Goloshes (Fr. galoche, 'a patten, clog, or wooden shoe; ' from the Low Lat. calopedia, 'a clog,' and the Gr. kalopous), india-rubber over-shoes which were introduced into Great Britain from America about the year 1847. At first clumsily made, and of inferior quality, they were, mainly by the exertions of the Hayward Rubber Company in America, soon much improved in quality and appearance, and the demand for them increased rapidly. The largest manufacture for the production of vulcanised rubber goloshes and other shoes in Great Britain is that of the North British Rubber Company at Edinburgh, where more than 100 distinct kinds of boots and shoes are made, and the production amounts to several thousand pairs a day.
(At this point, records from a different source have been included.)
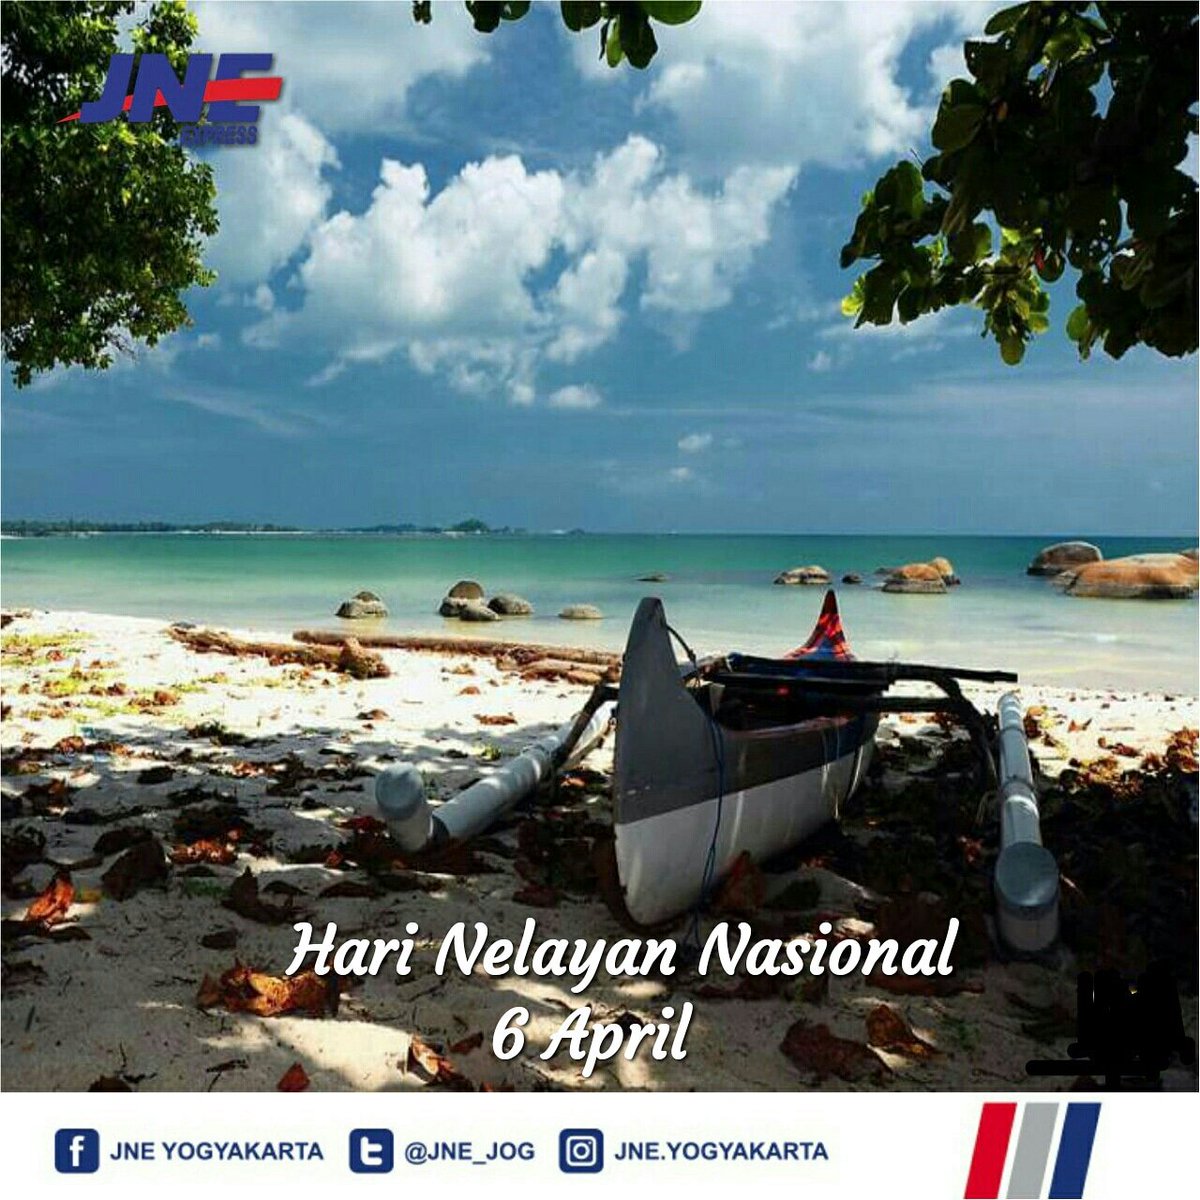 Selamat Hari Nasional 2018, semoga sektor perikanan dan kelautan Indonesia dapat berjaya dan perekonomian para nelayan semakin meningkat.
#jneberbah #olshopjogja #olshopyogya #olshopyogyakarta #jogja #yogyakarta  #harinelayannasional #nelayan #ikan #fishing #stopilegalfishing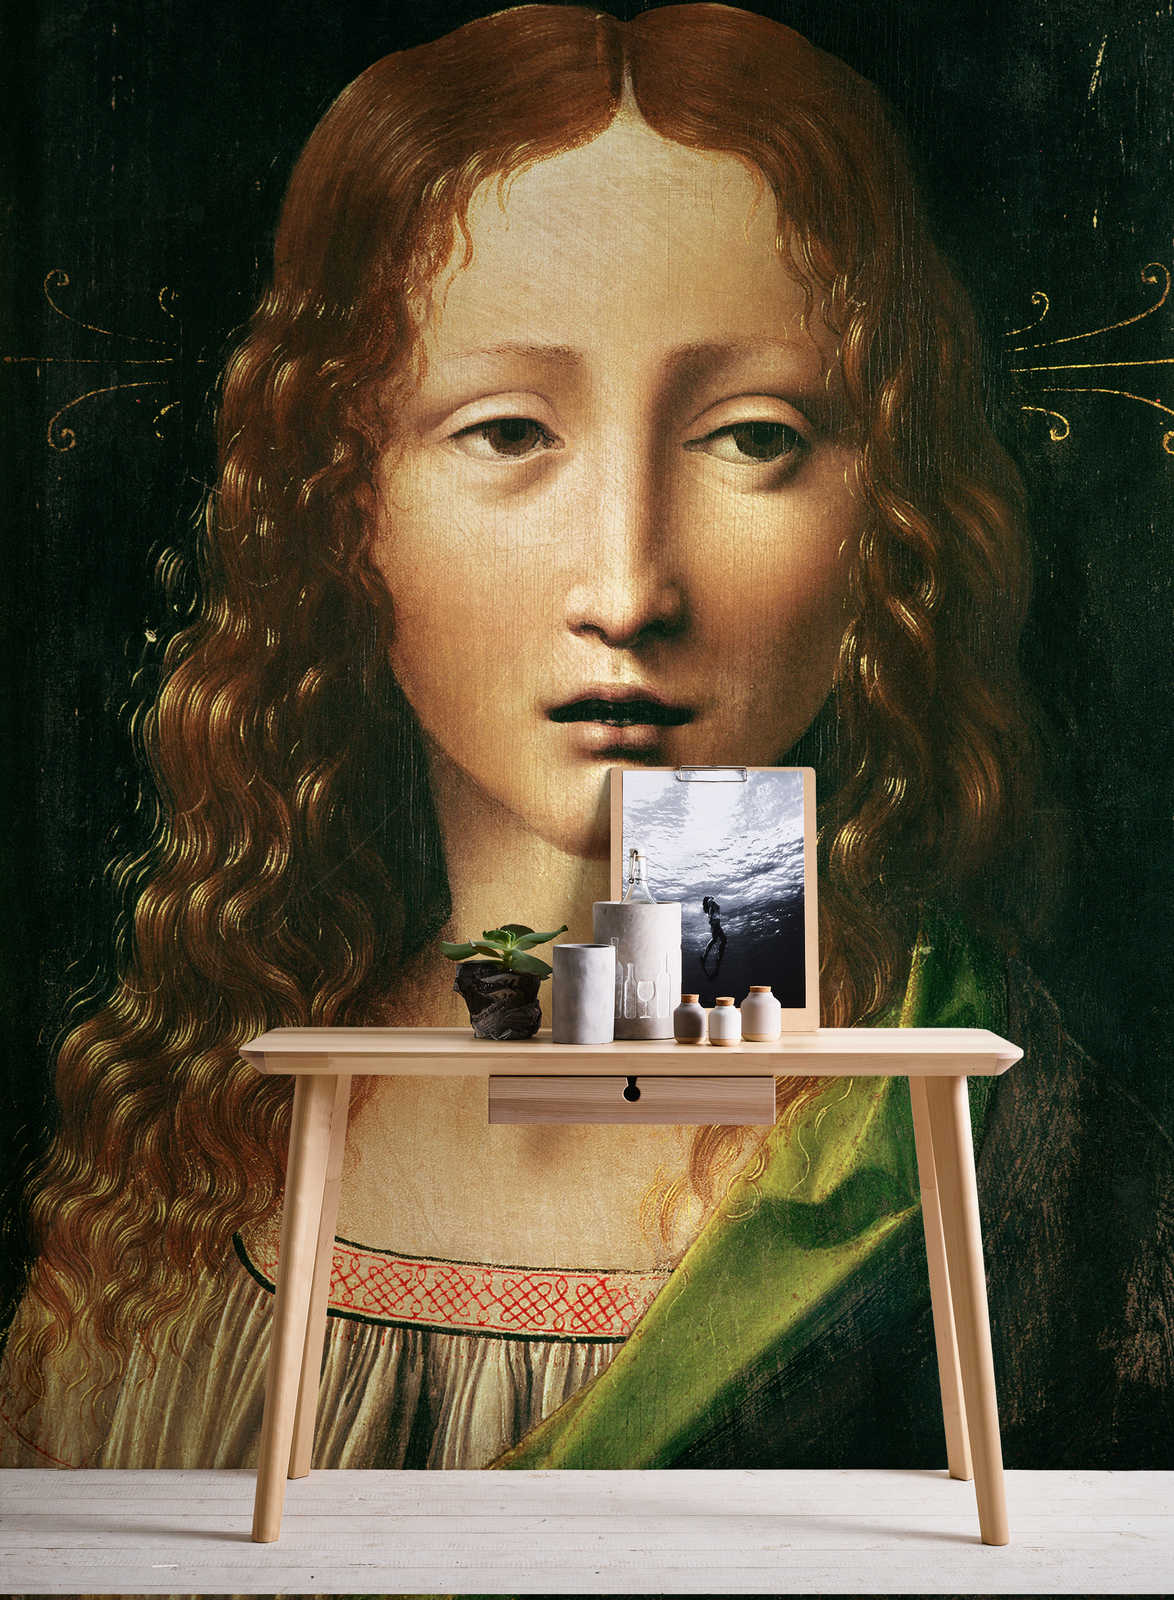             Hoofd van de Verlosser" muurschildering van Leonardo da Vinci
        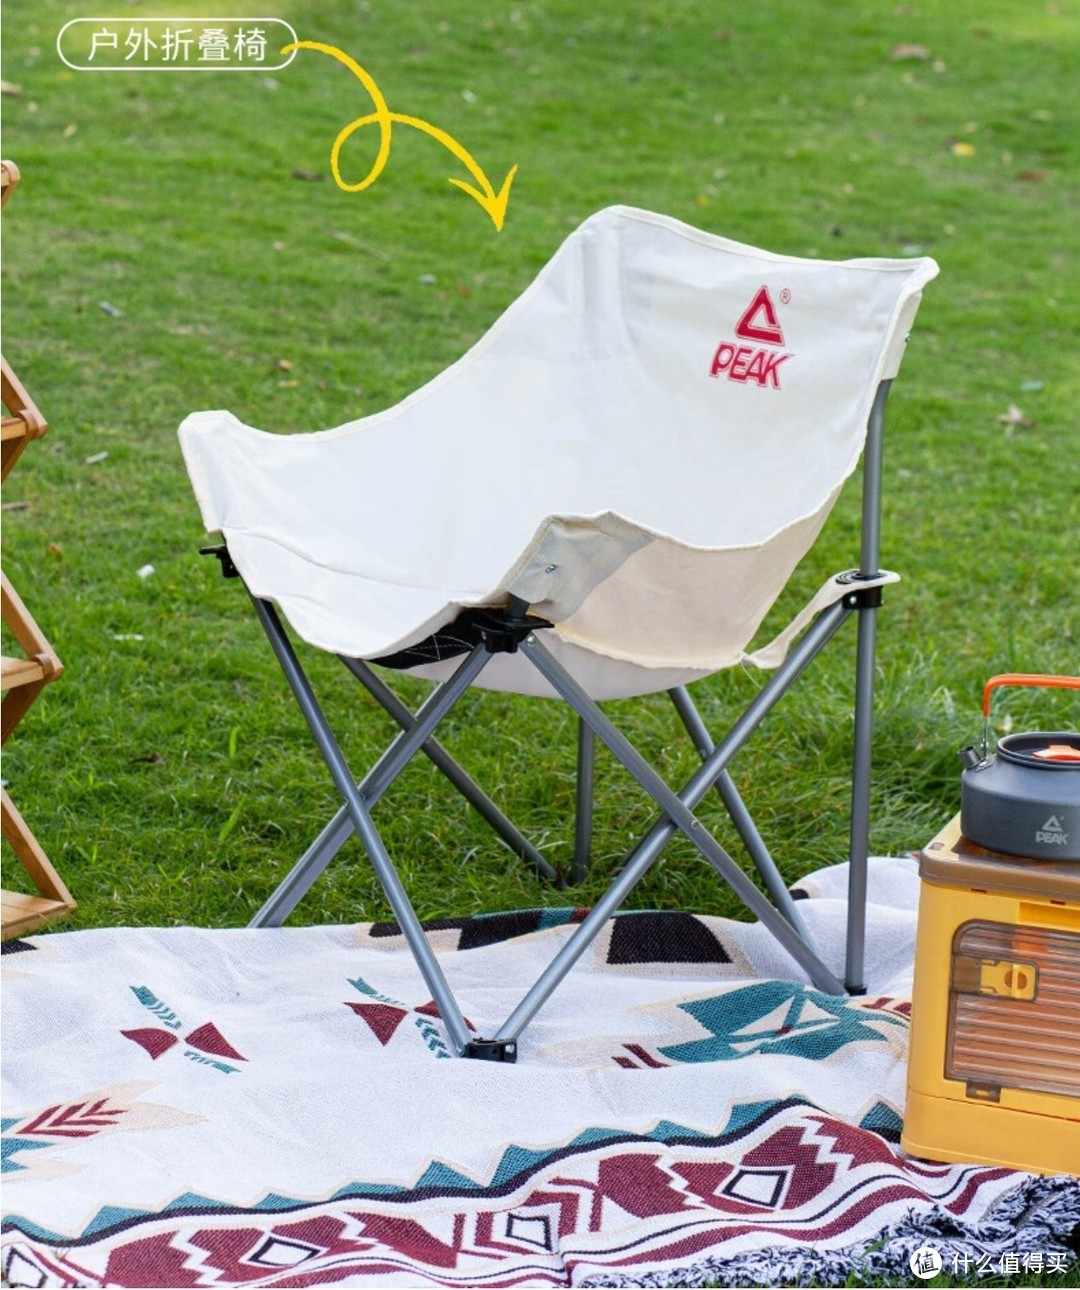 仅限3天 限时40元 匹克户外折叠椅 月亮椅 公园写生椅休闲钓鱼露营野营游玩椅子

The rubber is (1) torn up into small pieces, washed, and rolled together in granulated sheets; (2) it is then mixed, by the aid of heated rollers, with the vulcanising materials, consisting of sulphur, litharge, lampblack, pitch, rosin, and sometimes other materials; (3) the final stage in the preparation of the material is carried out after the shoes are made, and consists in subjecting them for nine hours to a temperature of between 200° and 300° F. Rubber so treated is said to be vulcanised (see INDIA-RUBBER). The so far prepared sheets of material are again rolled out between the heated rollers, till they are of the required thickness for the shoe uppers. Both soles and uppers for each shoe are cut out separately with a knife. The calico or other linings are coated round the edges with some strongly adhesive cement, probably dissolved rubber, and then all the pieces are ready to be put together. The earlier part of the work is done by men, but women actually make the shoes. A clever girl will make forty pairs a day; a very clever one fifty. That is to make a pair of shoes in ten or twelve minutes.
The chief defect of goloshes is that they keep the stockings constantly damp, and the feet uncomfortable, by preventing the escape or the absorption of the perspiration. Various modifications of the ordinary goloshes are made: thus, there is a kind with warm felt lining; another kind have felt or cloth uppers and ankles, and are often called snowshoes.